My workflow for SDXL models. It is a bit messy but functional. Has the following high level features:
Text to Image and Image to Image from multiple sources
I2I can be from random Danbooru posts, image file, image folder, URL, or video with optional autotagging.
Wildcard support
Randomized orientation and image ratio
Prompt list to create a series of images from a file
Batch or single image generation
Multiple detailers with support for detailing of background characters and faces and NSFW areas
Uses a mix of LCM and standard samplers to speed up generation
Description
First release
FAQ
Comments (4)
where to find the models for NSFW detailer and logo remover?
Thanks for the question. I added links to models in the suggested resources.
Been searching none stop for a I2I workflow and struggling :D, I am trying yours now (thank you btw for putting the time in and creating one).
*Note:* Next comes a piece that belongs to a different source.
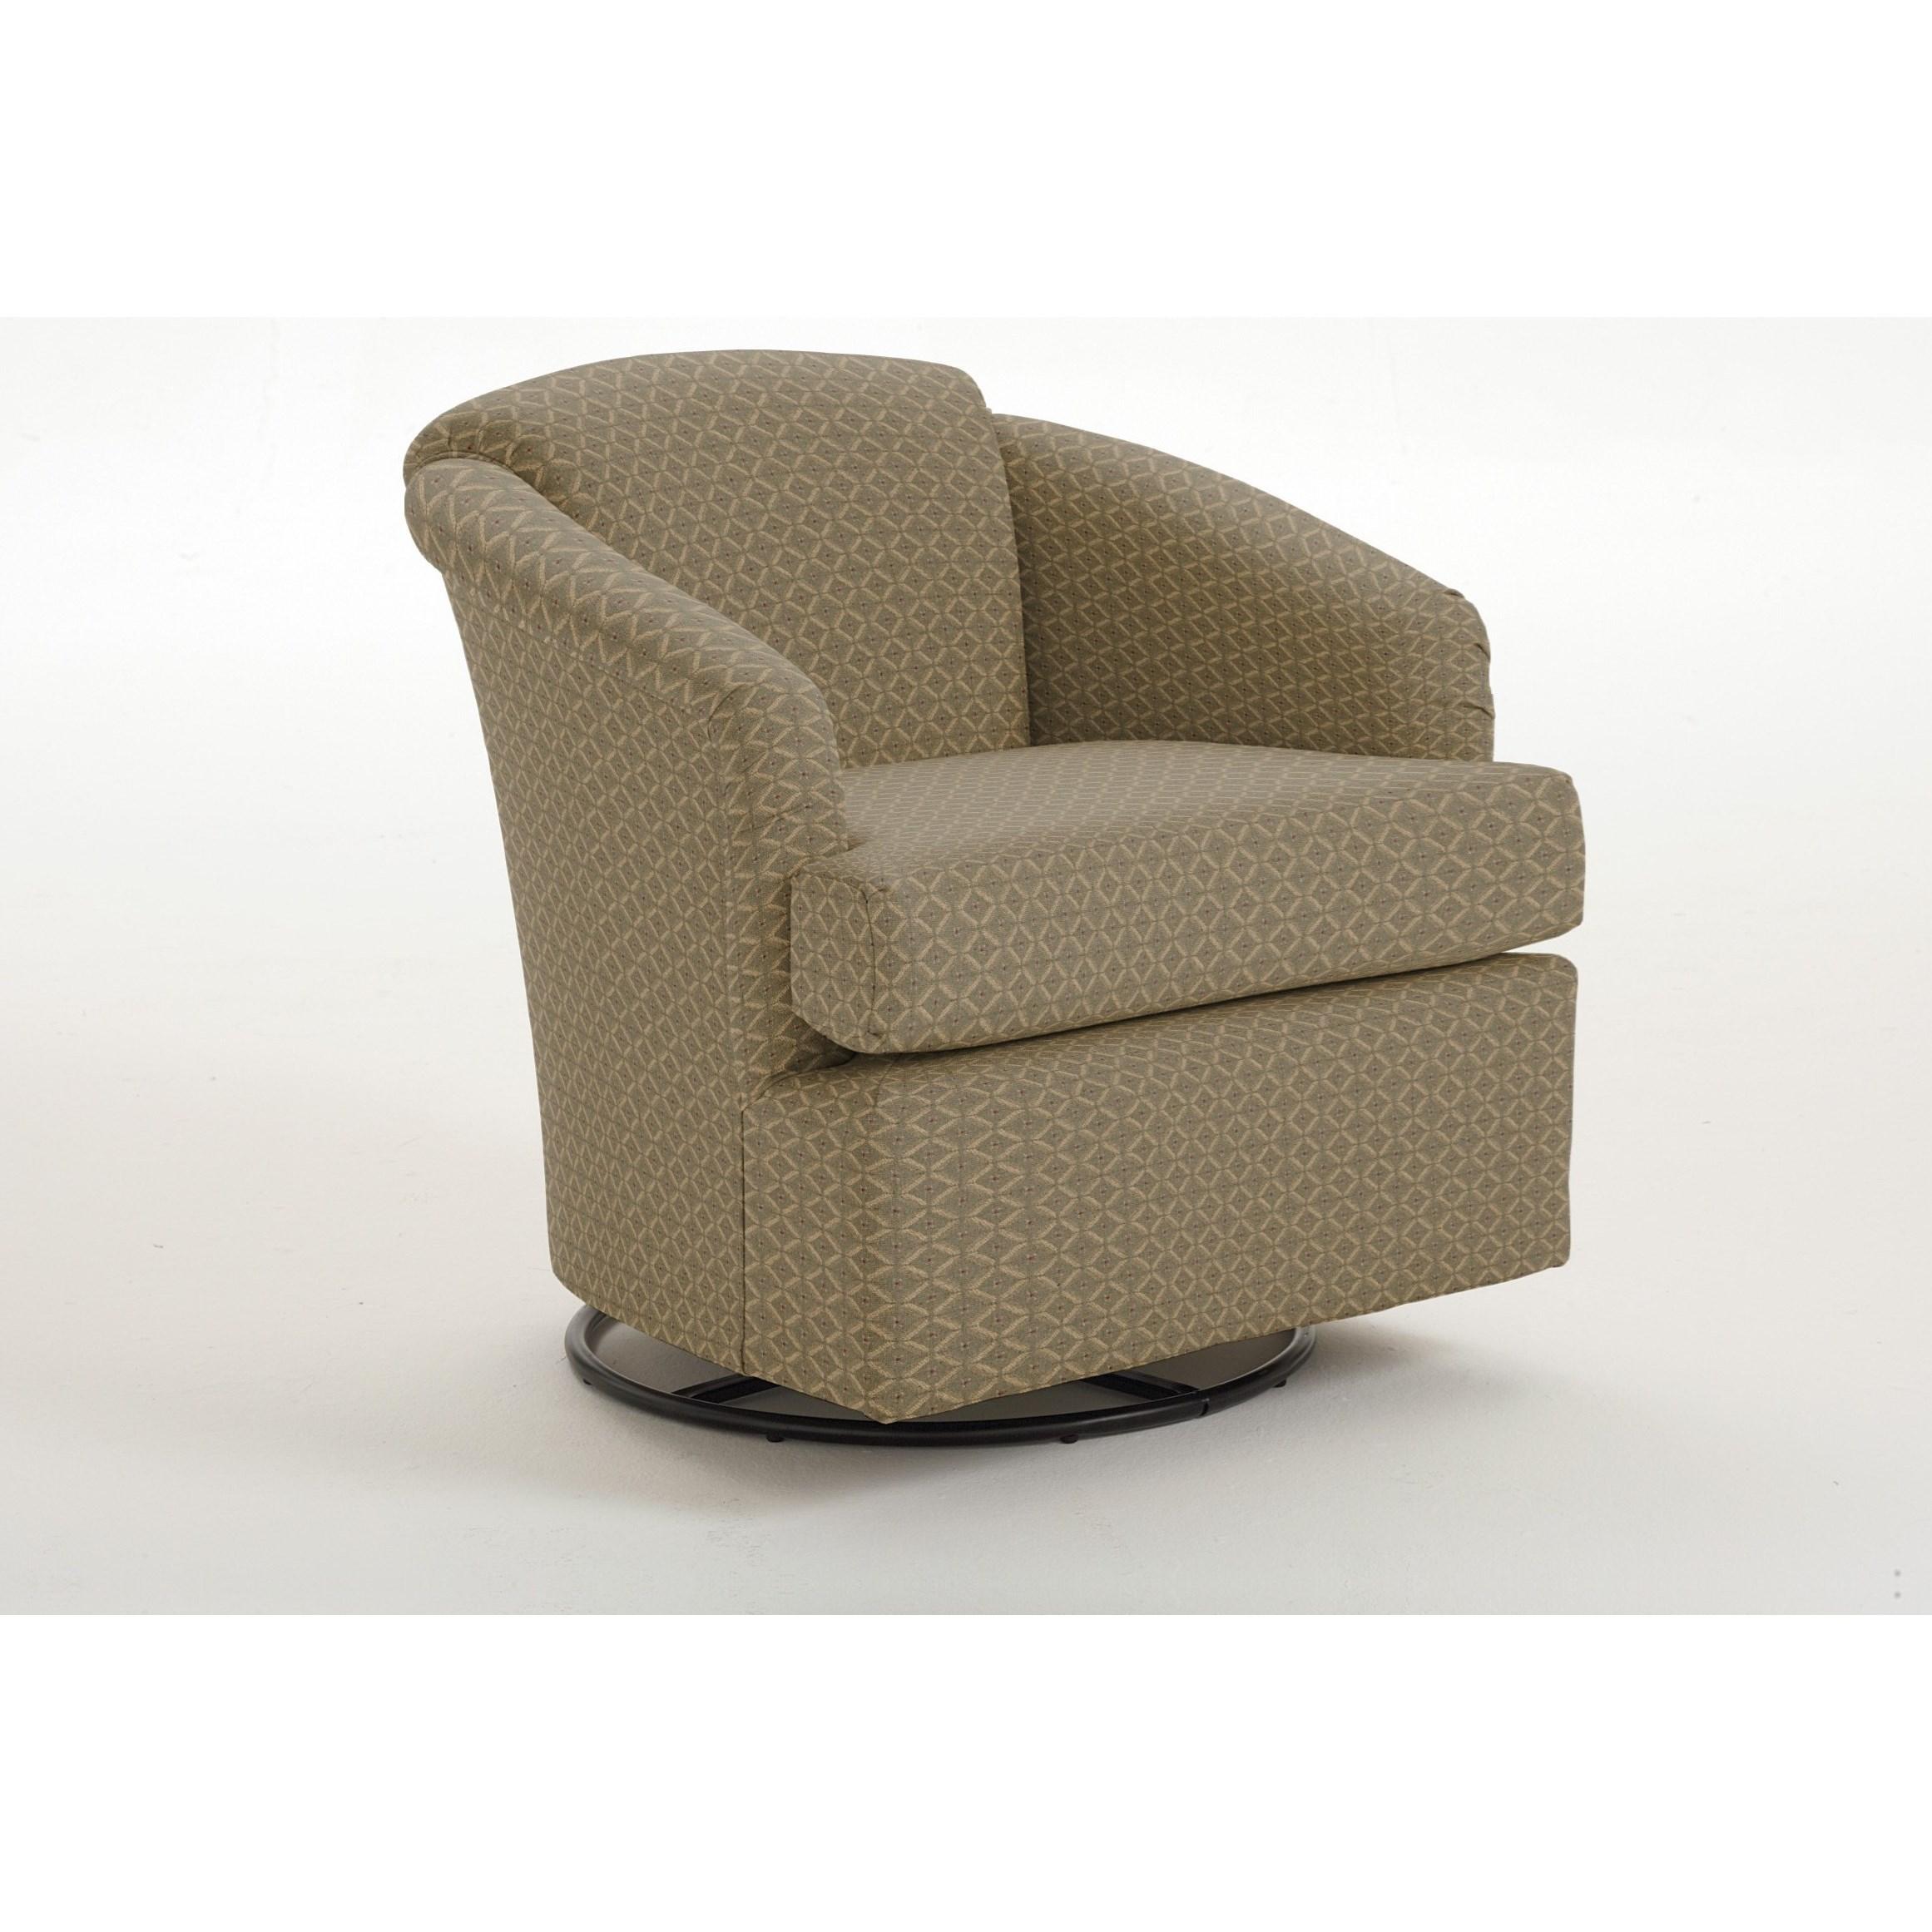 Chairs - Swivel Barrel Cass Swivel Barrel Chair by Best Home Furnishings at Lapeer Furniture & Mattress Center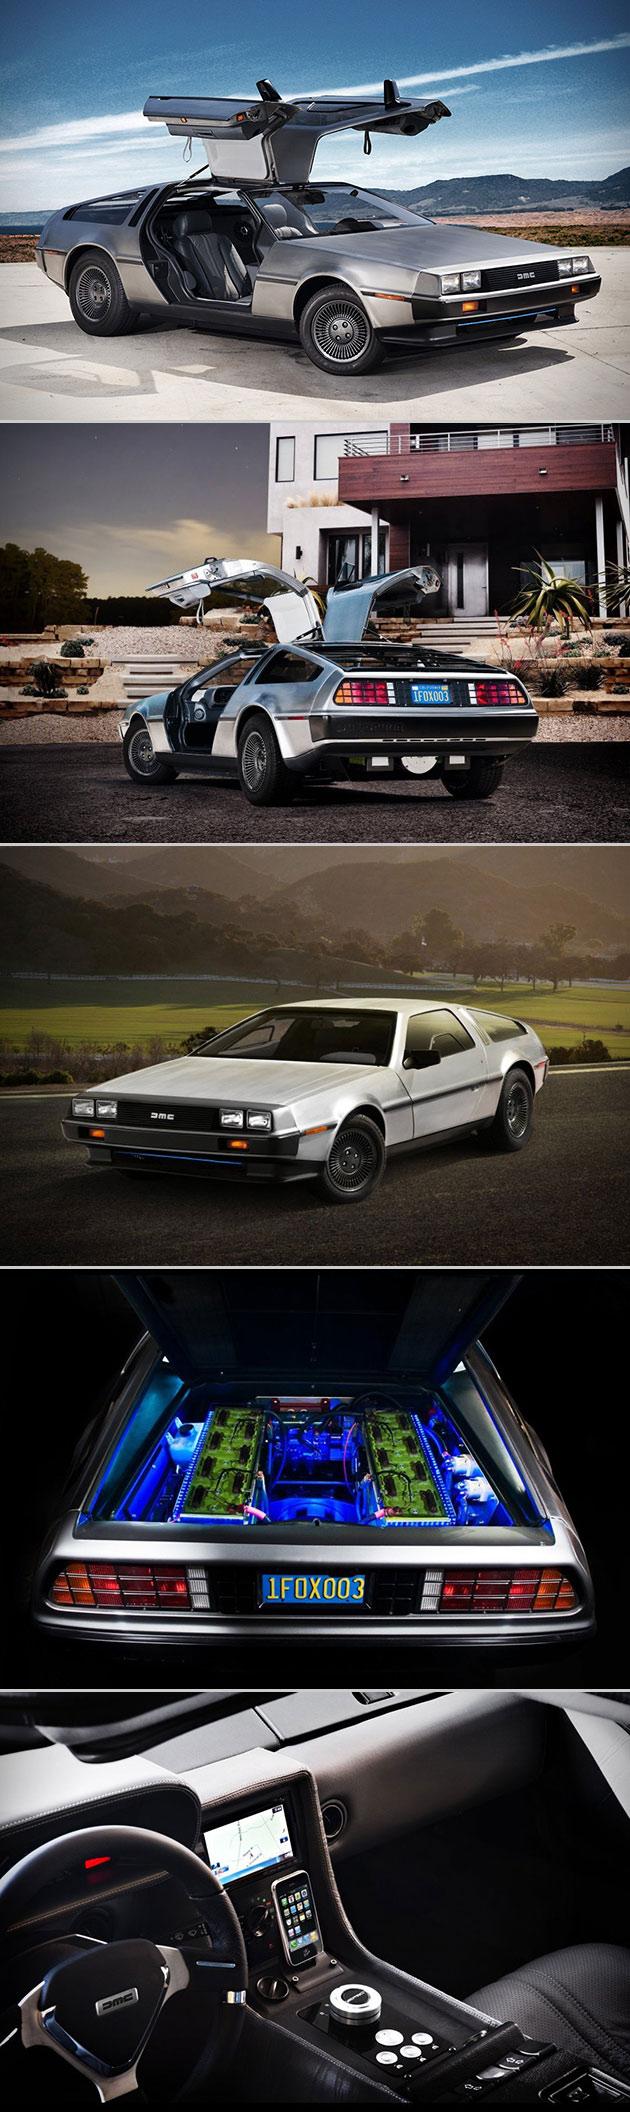 Full Electric DeLorean

I am struggling though to follow your instructions, I am trying to use local images on my computer, Do I reload "Input 2 - load image" and the just keep reloading nodes that are connected to it to make it work? - sorry I am sure its pretty straight forward but I am useless at this ^_^
Thanks for reaching out. I would say that this workflow is more complicated than you need if you are looking for a basic I2I workflow. My instructions are also assuming a base understanding of Comfy, so my apologies. This is just a dump of my workflow that I have been tweaking so it is not super organized like others but I find it functional with a lot of flexibility.
At a basic level, any T2I workflow can be converted to an I2I workflow by replacing the empty latent with the Load Image node and lower the denoise level on the Ksampler node. For the denoise level, the simplistic way to think about it is "How much do I want the output to be different from the input image?" So, for a denoise of 1.00 or 100% change, the output will be completely different from the input no matter what you feed it. That is what you want for a T2I but not a I2I. If you lower the denoise to say 0.9(90%), there will be drastic changes but the output will take hints from the input image. If you drop it to say 0.5 (50%), there will be some changes but the base image will be mostly maintained.
For this workflow specifically, you will need to turn off the Booru Blank Bypass so you don't send a blank latent. You enable the Booru Image Bypass group. You will likely need to bypass some of the other inputs because they will stop generation without a valid input (URL, Video, Dir path). The other option is to just give them valid inputs. As you stated, for a local image file, Input 2 is correct. Select your image and have the switch on input 2. With the group enabled it will lower the denoise level to 0.5 based on the constant float setting in the group. You can adjust as you need using that constant float node and it fill feed it into the Ksampler node. Another note, make sure you select a fixed aspect ratio and make it a portrait ratio with a width that is reasonable for your setup (832x1216, for example). This will dictate shortest dimension for your first image. (note: if you input a landscape picture the workflow will change the orientation automatically [portrait to landscape] and keep the aspect ratio of the input image scaled based on the shorter dimension). Hopefully this helps and good luck.